_DATA_:
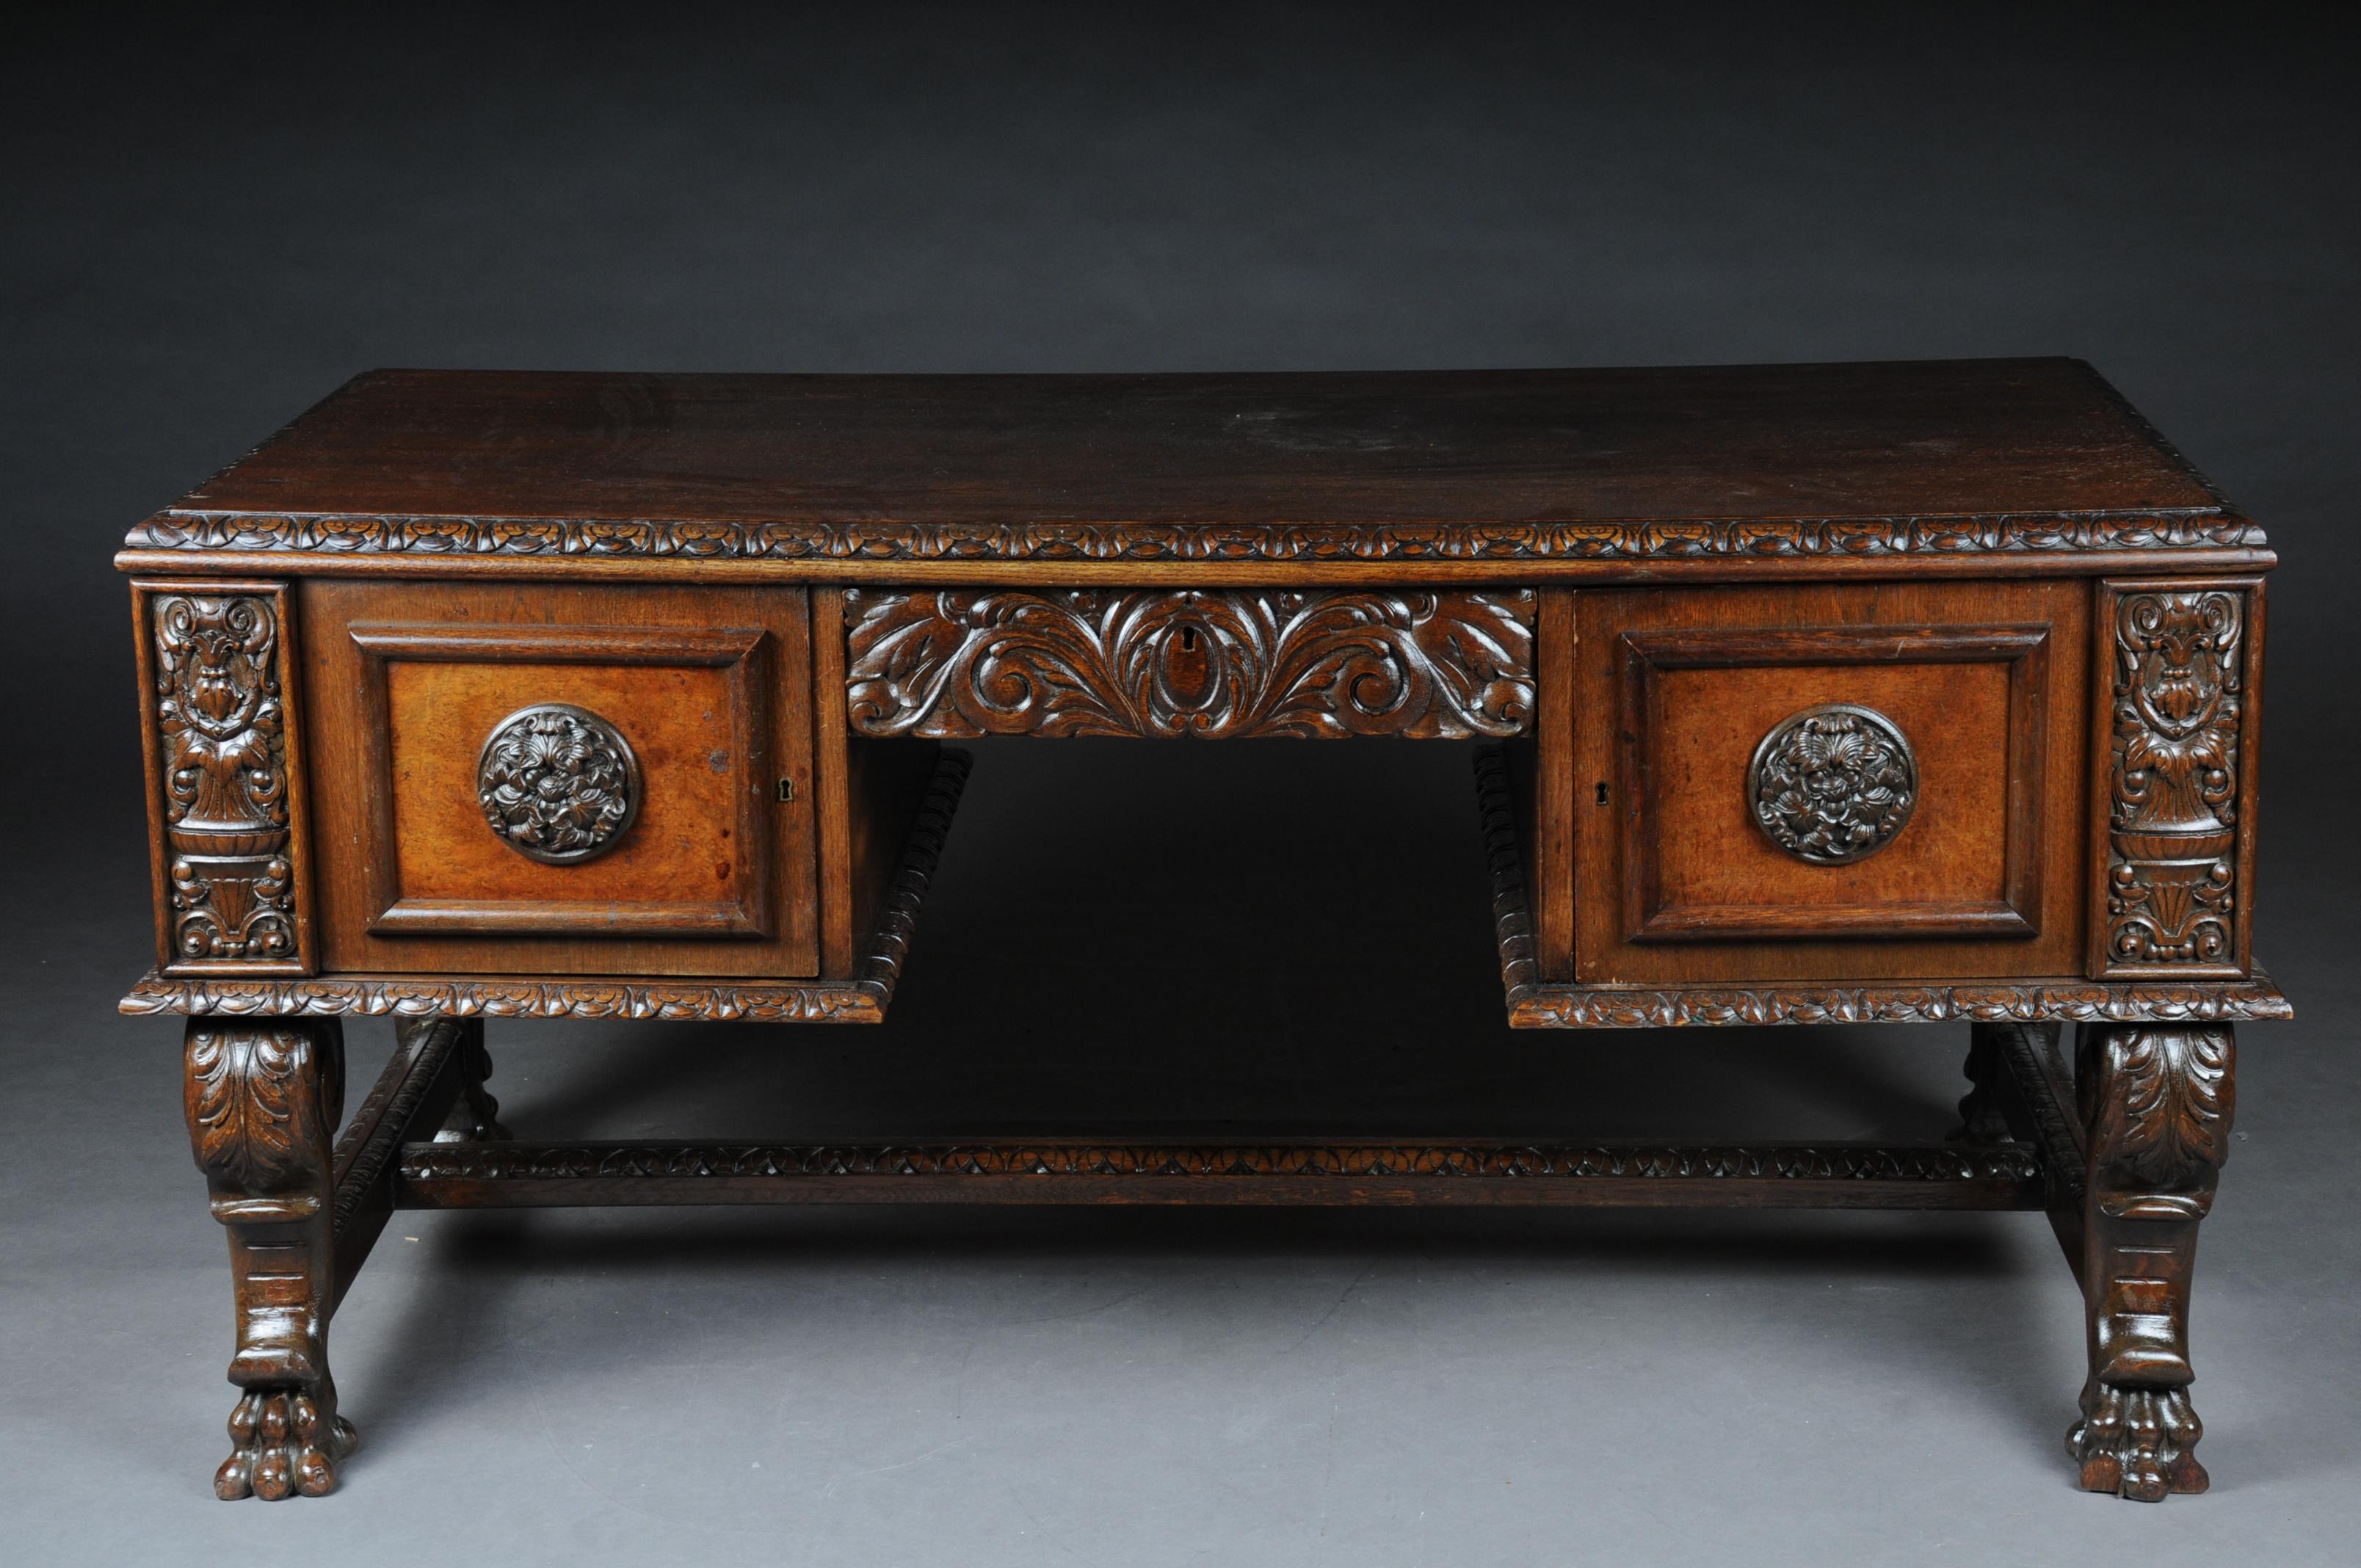 20th Century Lordly Historicism Desk Solid Oak with Walnut Veneer For Sale 10
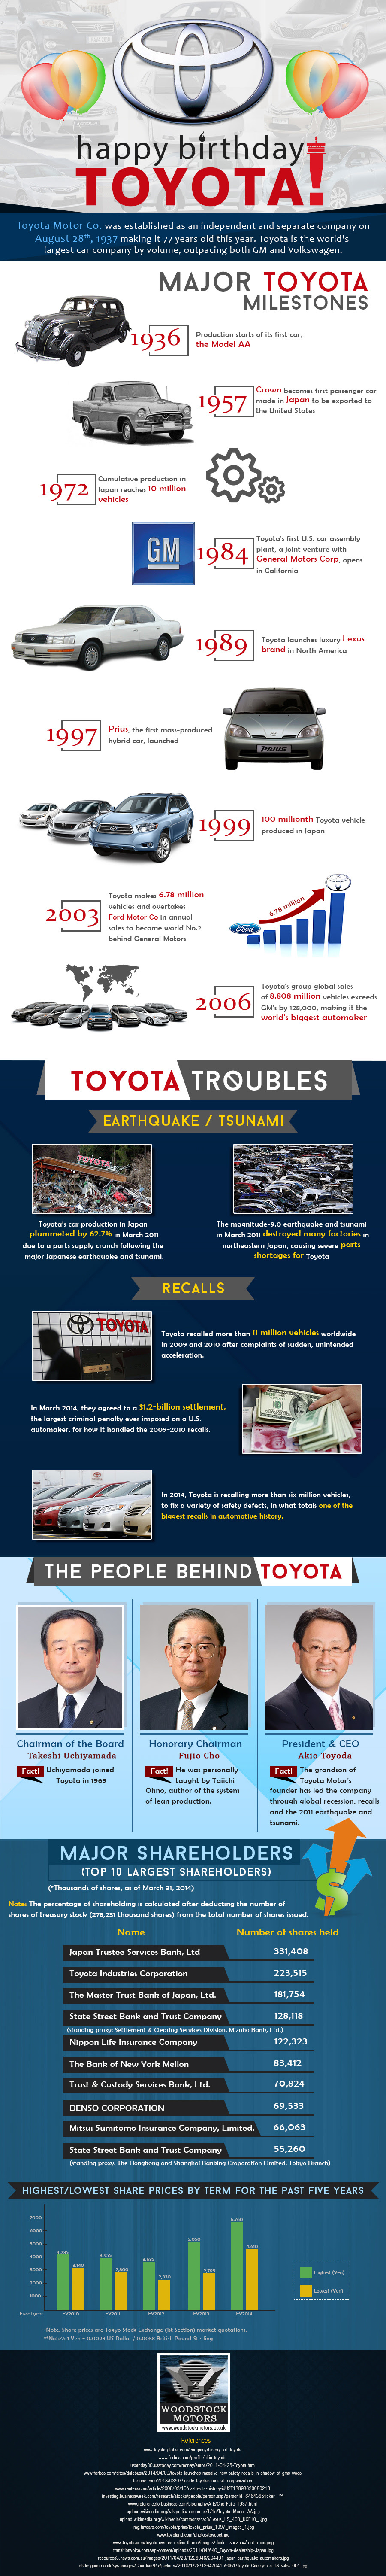  From http://www.woodstockmotors.co.uk/blog/happy-birthday-toyota-an-infographic/ 
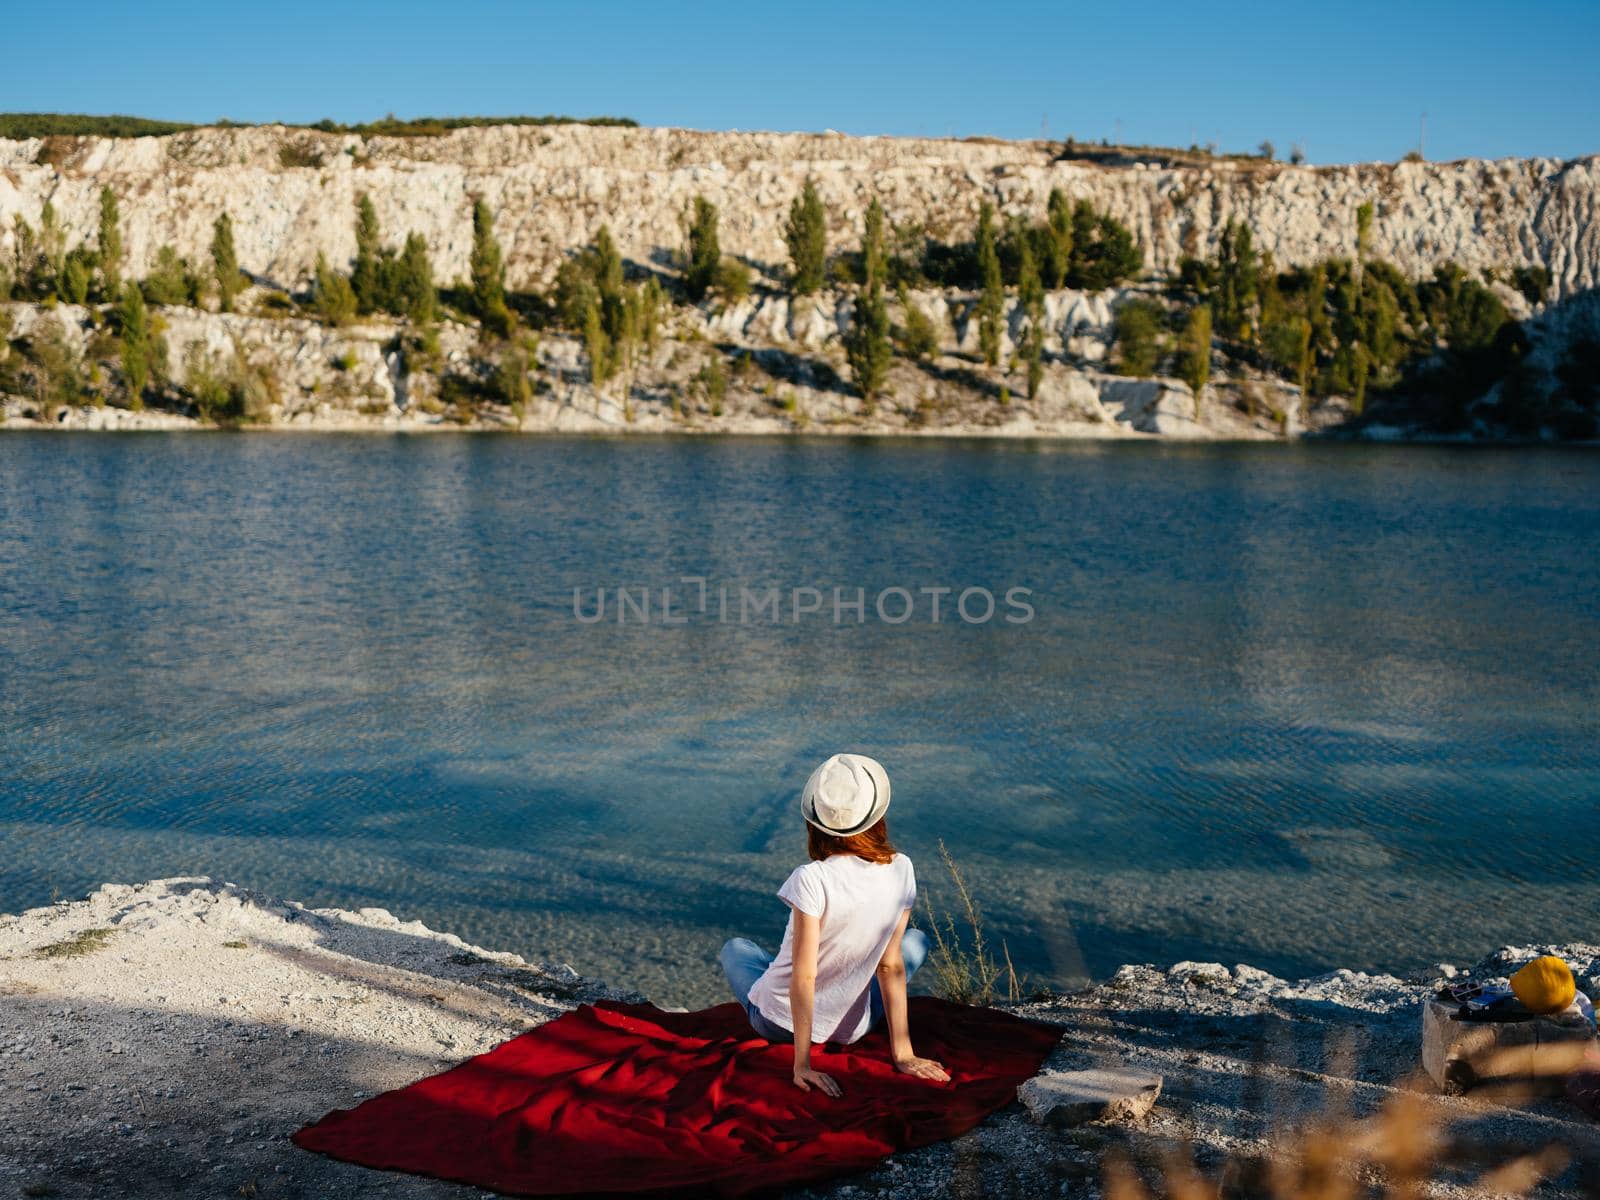 A traveler wearing a hat sits on a red cloth near the sea in nature by SHOTPRIME

_PROBLEM TO SOLVE_:
Repeat the listing in full and exactly. Do not include any images.

_EXERCISE RESPONSE_:
 20th Century Lordly Historicism Desk Solid Oak with Walnut Veneer For Sale 10
  From http://www.woodstockmotors.co.uk/blog/happy-birthday-toyota-an-infographic/ 
 A traveler wearing a hat sits on a red cloth near the sea in nature by SHOTPRIME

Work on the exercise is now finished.